■ AIM OF THE EXERCISE
In the listing below, the answer starts at the line that has "Lapins Pink Tissue Box Cover" and stops after the line that has "Top view of"; please repeat that part exactly and nothing more.

■ PROVIDED DATA
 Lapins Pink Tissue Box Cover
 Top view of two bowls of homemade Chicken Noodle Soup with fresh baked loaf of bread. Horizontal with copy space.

* * *

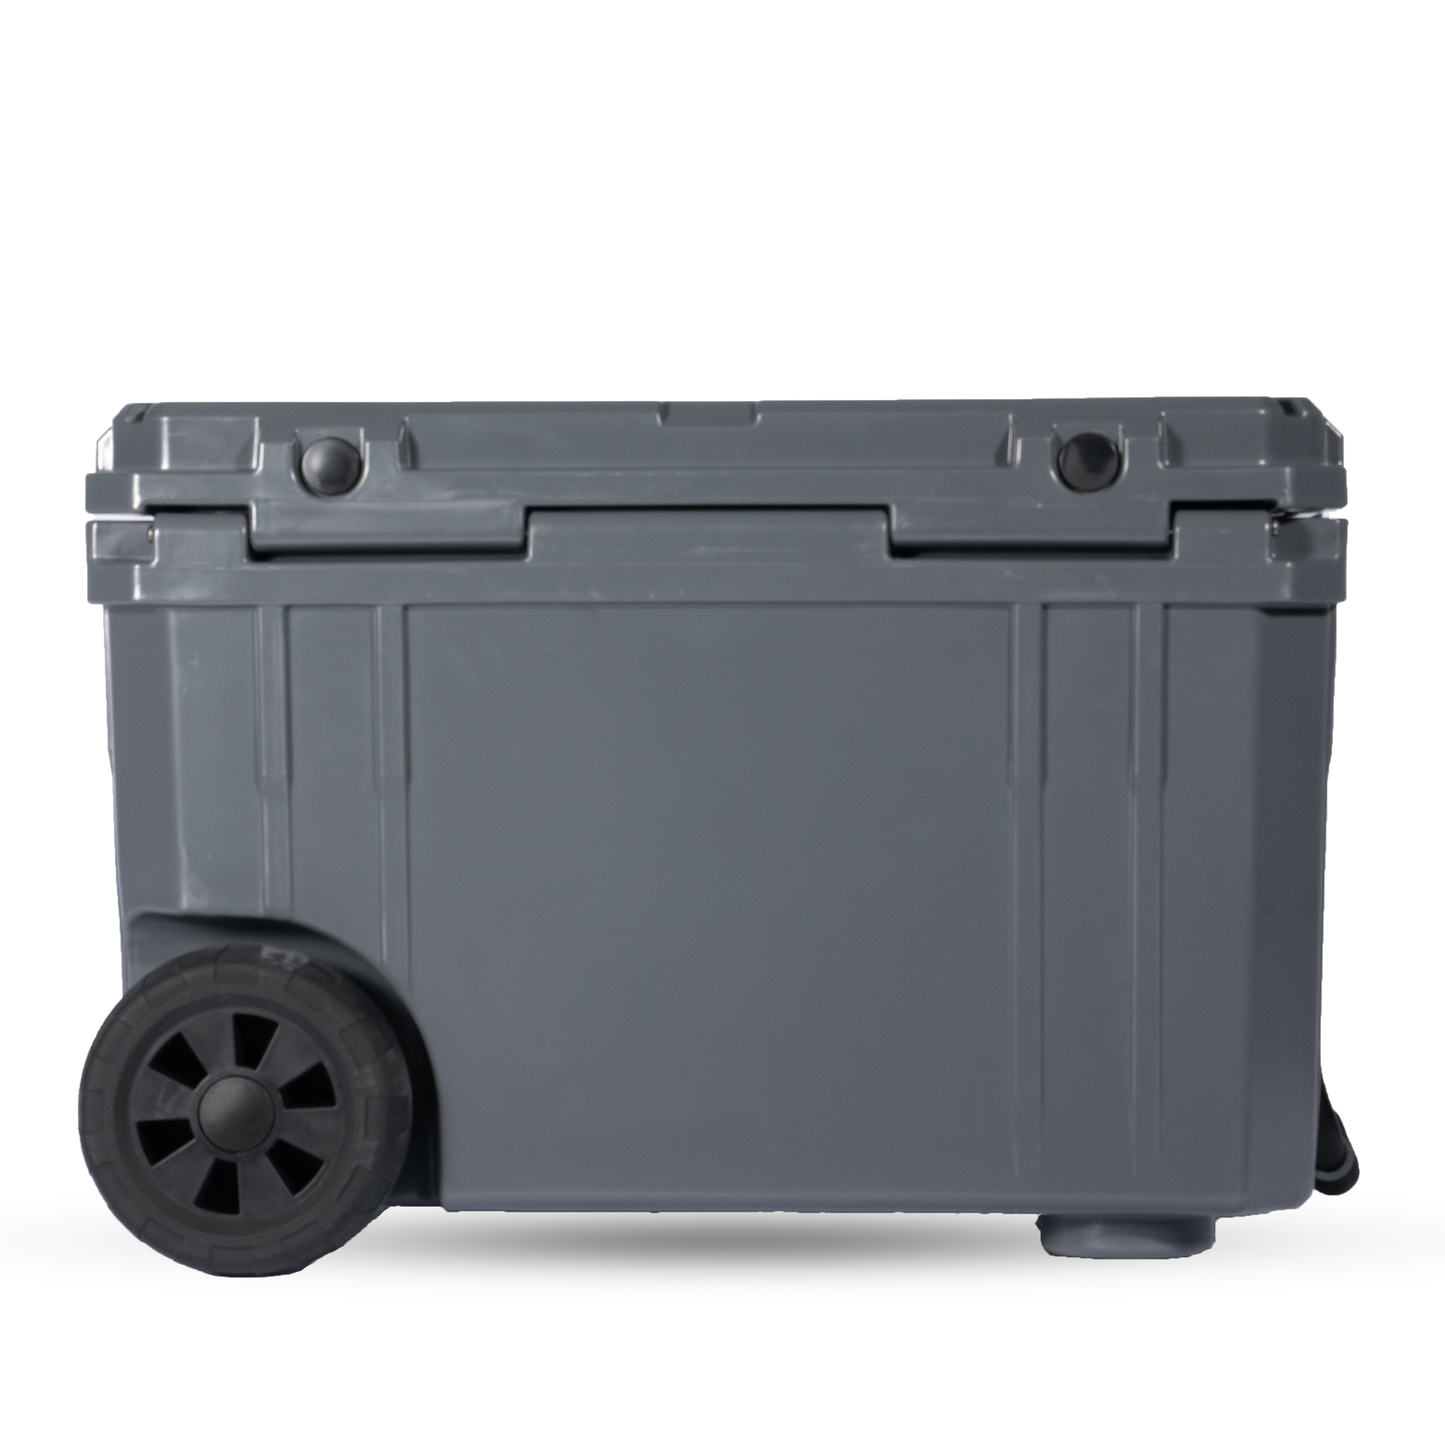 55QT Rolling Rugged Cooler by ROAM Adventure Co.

■ OUTPUT BELOW
 Lapins Pink Tissue Box Cover
 Top view of two bowls of homemade Chicken Noodle Soup with fresh baked loaf of bread. Horizontal with copy space.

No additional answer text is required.